Em comunicado interno, na quarta-feira, o Global Media Group (GMG), que inclui o JN, DN, TSF e O Jogo, anunciou que vai negociar “com caráter de urgência” rescisões com 150 a 200 trabalhadores e avançar com uma reestruturação para evitar “a mais do que previsível falência do grupo”.

Num manifesto publicado nos canais do movimento “Somos JN”, “pela defesa do ‘Jornal de Notícias’ e de 135 anos de ligação às pessoas e aos territórios”, os trabalhadores referem que o jornal “não é uma prioridade para a nova administração do Global Media Group” e que o corte de trabalhadores “será a morte do JN como o conhecemos e a destruição da ligação centenária às pessoas, às instituições e aos territórios.

O último despedimento coletivo na Global Media tinha ocorrido em outubro de 2020, quando o grupo decidiu dispensar 81 trabalhadores, 17 dos quais jornalistas. “A evolução acentuadamente negativa do mercado dos media, agora mais evidente com a presente pandemia, precipitou os meios de comunicação social numa crise sem precedentes a que importa responder com fortes medidas de contenção”, podia ler-se no comunicado da administração.

A administração da empresa garantia ainda que as medidas tomadas à data iriam permitir à Global não só “regressar a um nível económico e financeiro saudável”, mas também garantir a proteção de “várias centenas de postos de trabalho” e a “continuidade dos inestimáveis serviços que os meios de informação, alguns deles centenários, vêm prestando à comunidade, com qualidade e independência.”

Tiragem e circulação paga afundam

A imprensa tradicional não vive dias fáceis e o jornalismo impresso sabe-o melhor do que ninguém.
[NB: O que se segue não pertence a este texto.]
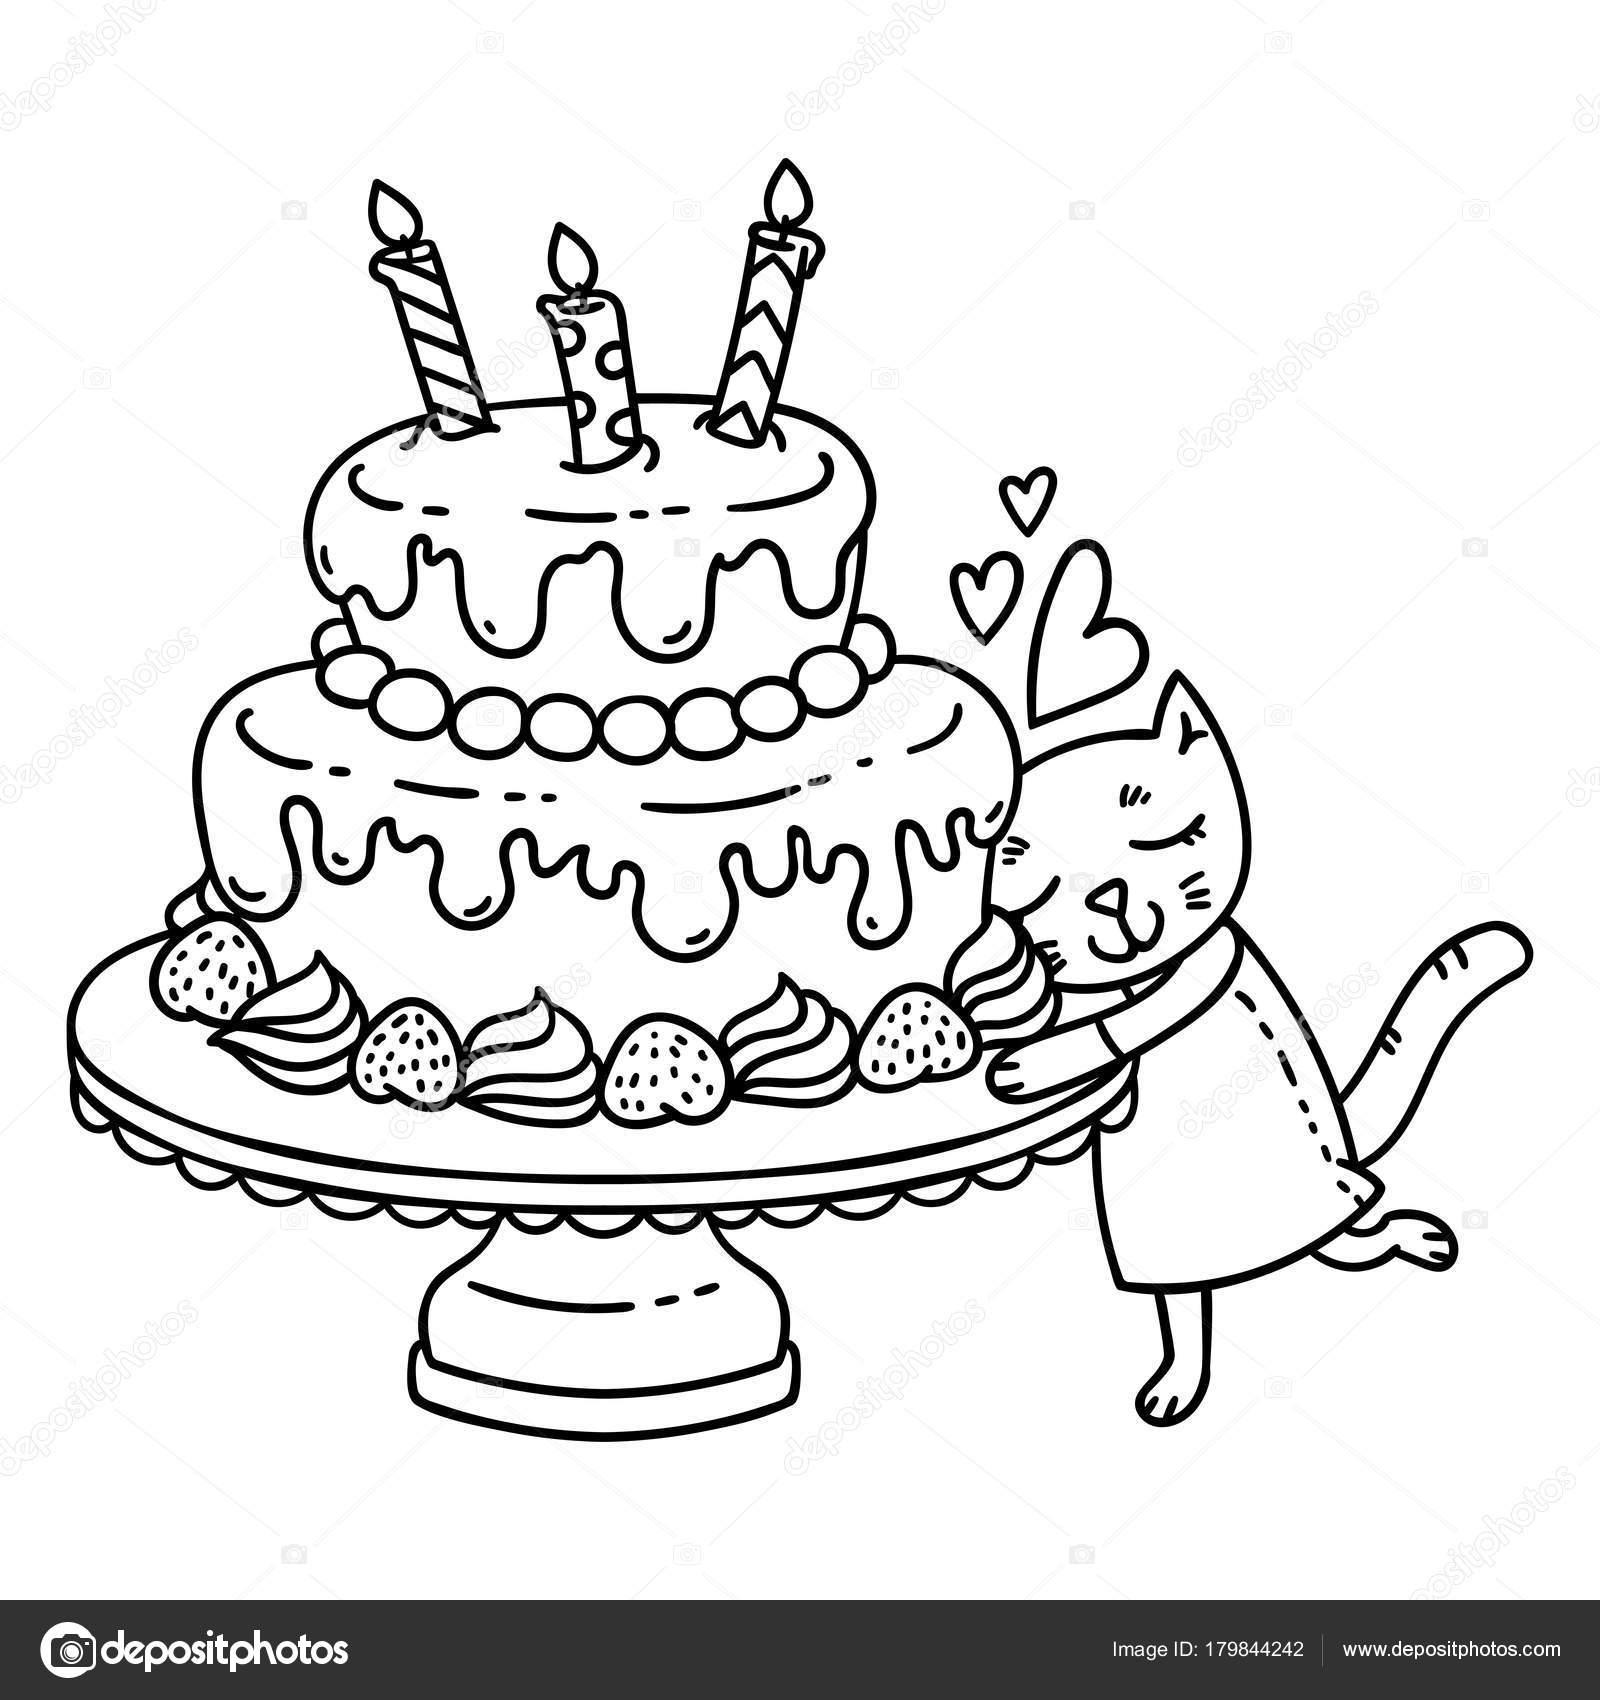 Geburtstagstorte Mit Kerzen Und Süße Katze Isolierte Objekte Auf ...

A transição para o digital e as alterações do padrões de consumo de informação vieram colocar desafios excecionais e a pandemia foi, para muitos, como um ‘golpe fatal.’

Segundo dados da Associação Portuguesa de Controlo de Tiragem e Circulação, o Jornal de Notícias vendeu, em média, 19.327 exemplares no terceiro trimestre de 2023. Há precisamente 10 anos, no mesmo período, o número era de 64.191. Há 20 anos, 101.452.

A era digital não foi simpática para o JN. Embora o jornal conte com uma vasta audiência nas redes sociais e ocupe mês após mês as posições cimeiras do ranking ‘netAudience’, que mede a audiência digital dos órgãos de comunicação social em Portugal, os seguidores, likes e pageviews não têm sido convertidos em subscrições.

Em outubro de 2023, o ranking ‘netAudience’ colocou o Jornal de Notícias em quarto lugar, apenas atrás da TVI, SIC e Correio da Manhã. Ao todo, um total de 2,8 milhões de indivíduos no índice de alcance multiplataforma. Porém, segundo dados do Controlo de Tiragem, no trimestre correspondente esse número traduziu-se em apenas 3.014 subscrições pagas da versão digital do jornal.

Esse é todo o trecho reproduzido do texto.